> [Dataset extract]:
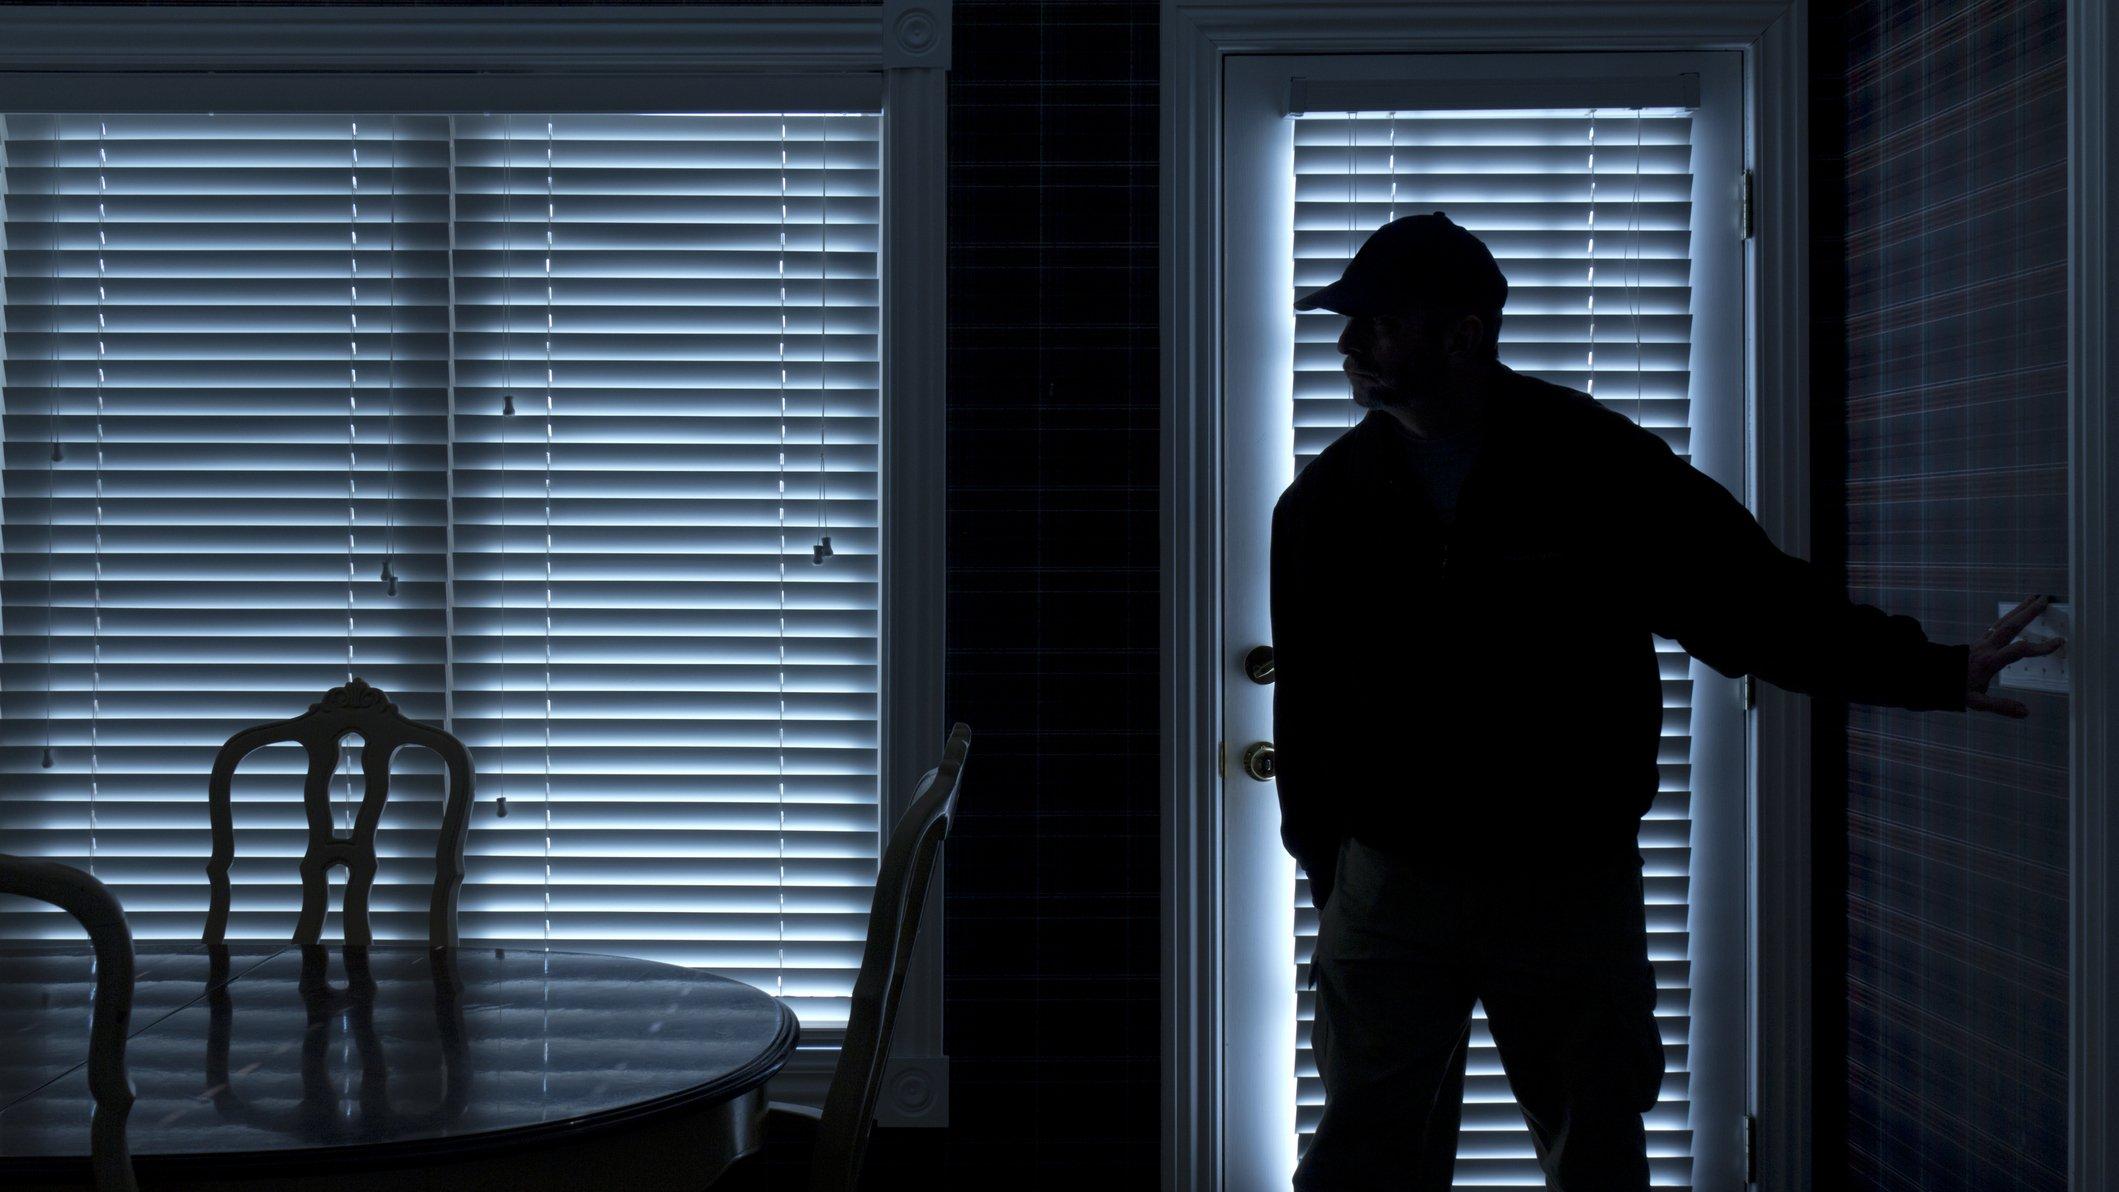 Einbruchschutz - Sicherheit für Haus und Wohnung
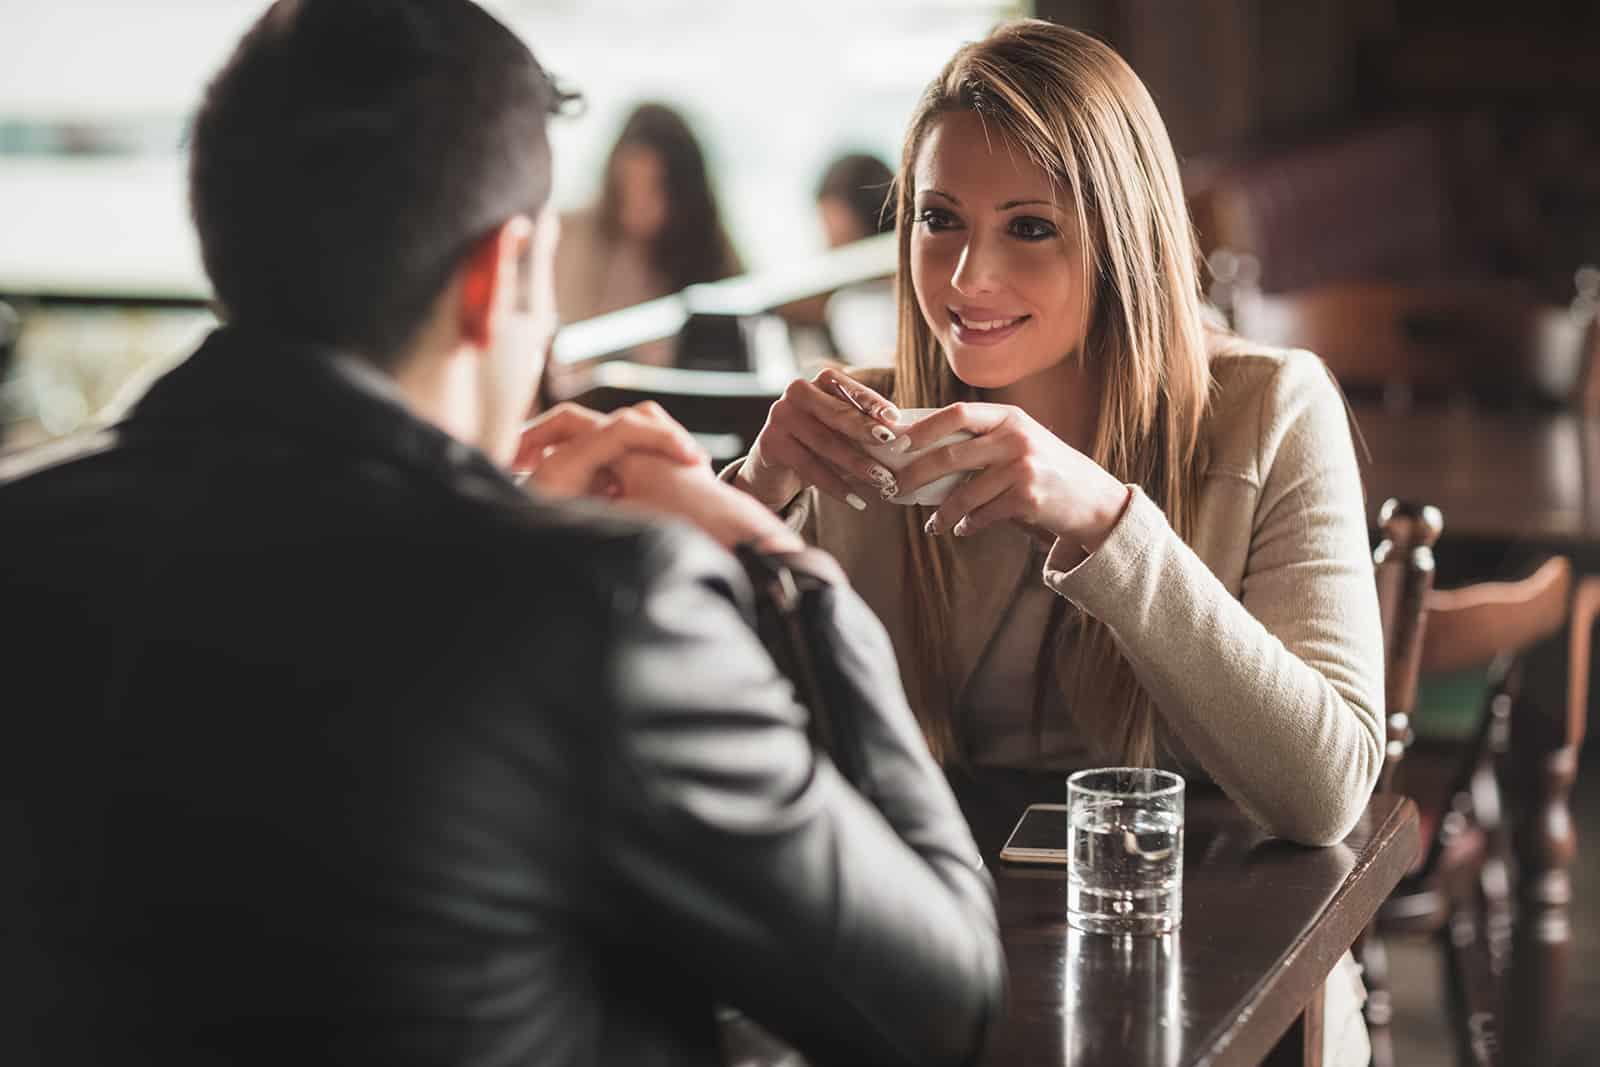 Ein Mann und eine Frau trinken Kaffee in der Bar und flirten
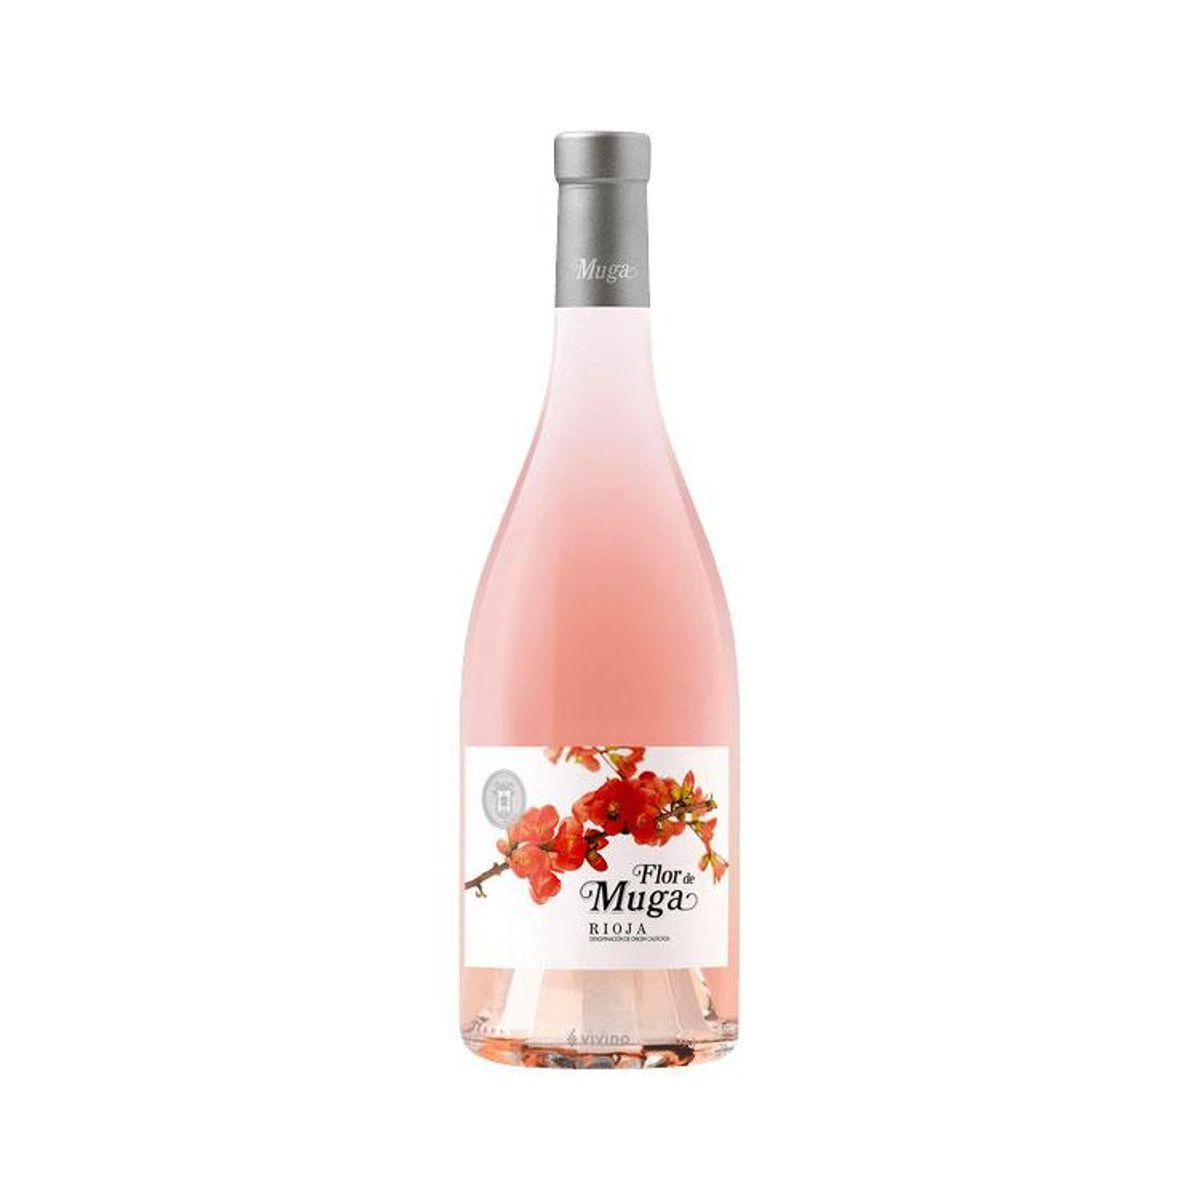 muga flor de muga rosado 2019
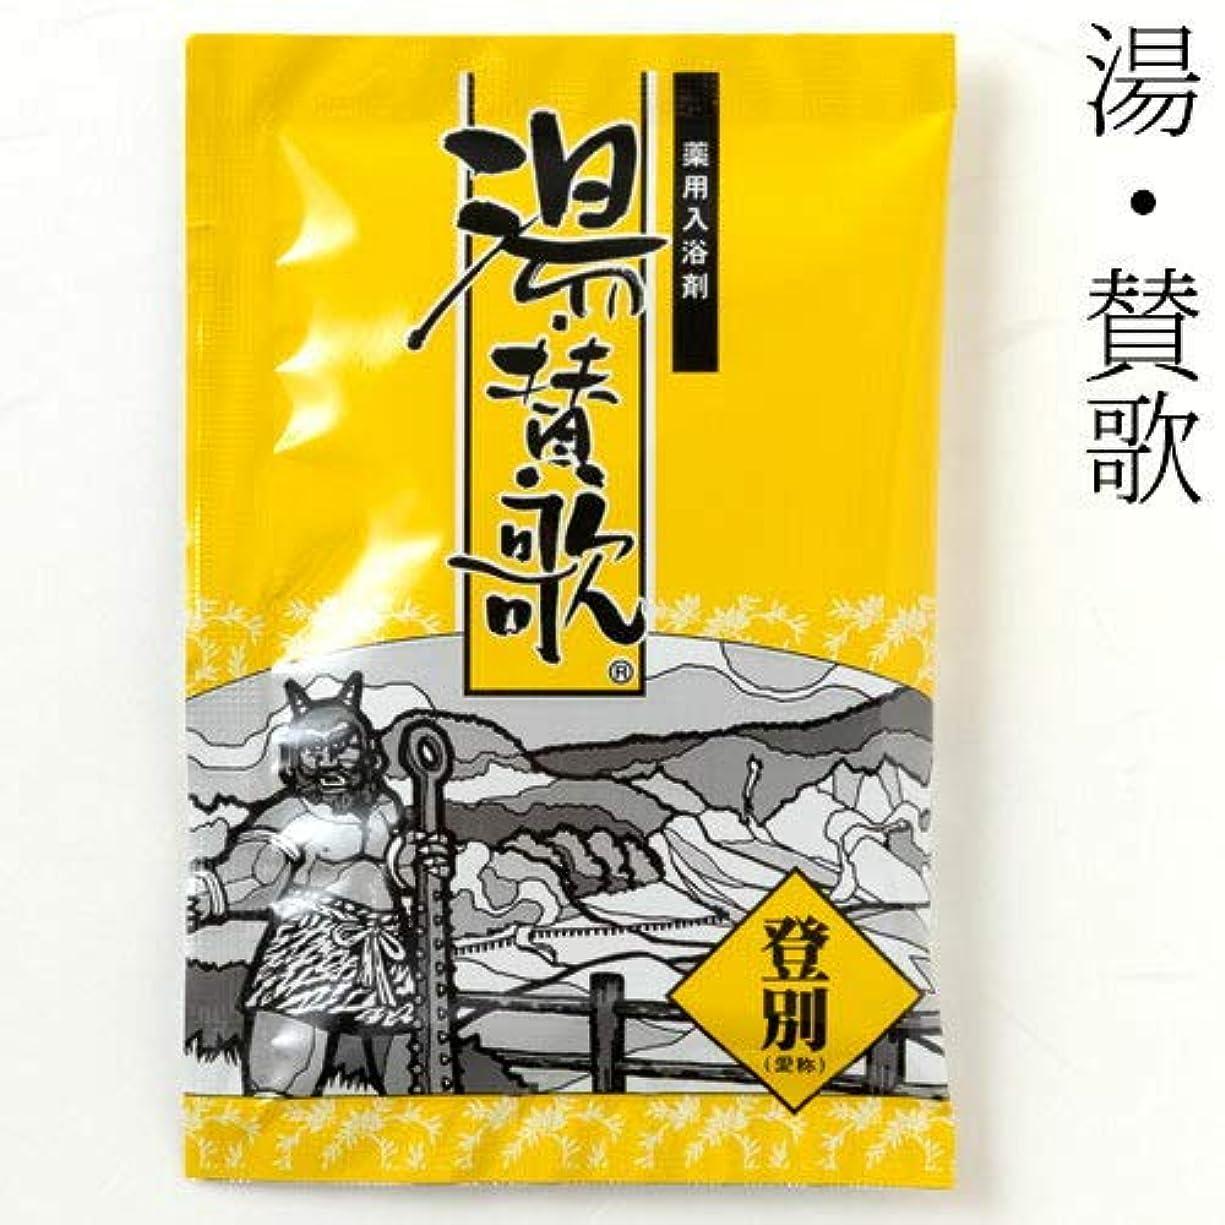 ビデオ口述バルク入浴剤湯?賛歌登別1包石川県のお風呂グッズBath additive, Ishikawa craft

> [Exercise instructions]:
Exclude every picture, then reproduce the remaining data character for character.

> [Response to this exercise]:
 Einbruchschutz - Sicherheit für Haus und Wohnung
 Ein Mann und eine Frau trinken Kaffee in der Bar und flirten
 muga flor de muga rosado 2019
 ビデオ口述バルク入浴剤湯?賛歌登別1包石川県のお風呂グッズBath additive, Ishikawa craft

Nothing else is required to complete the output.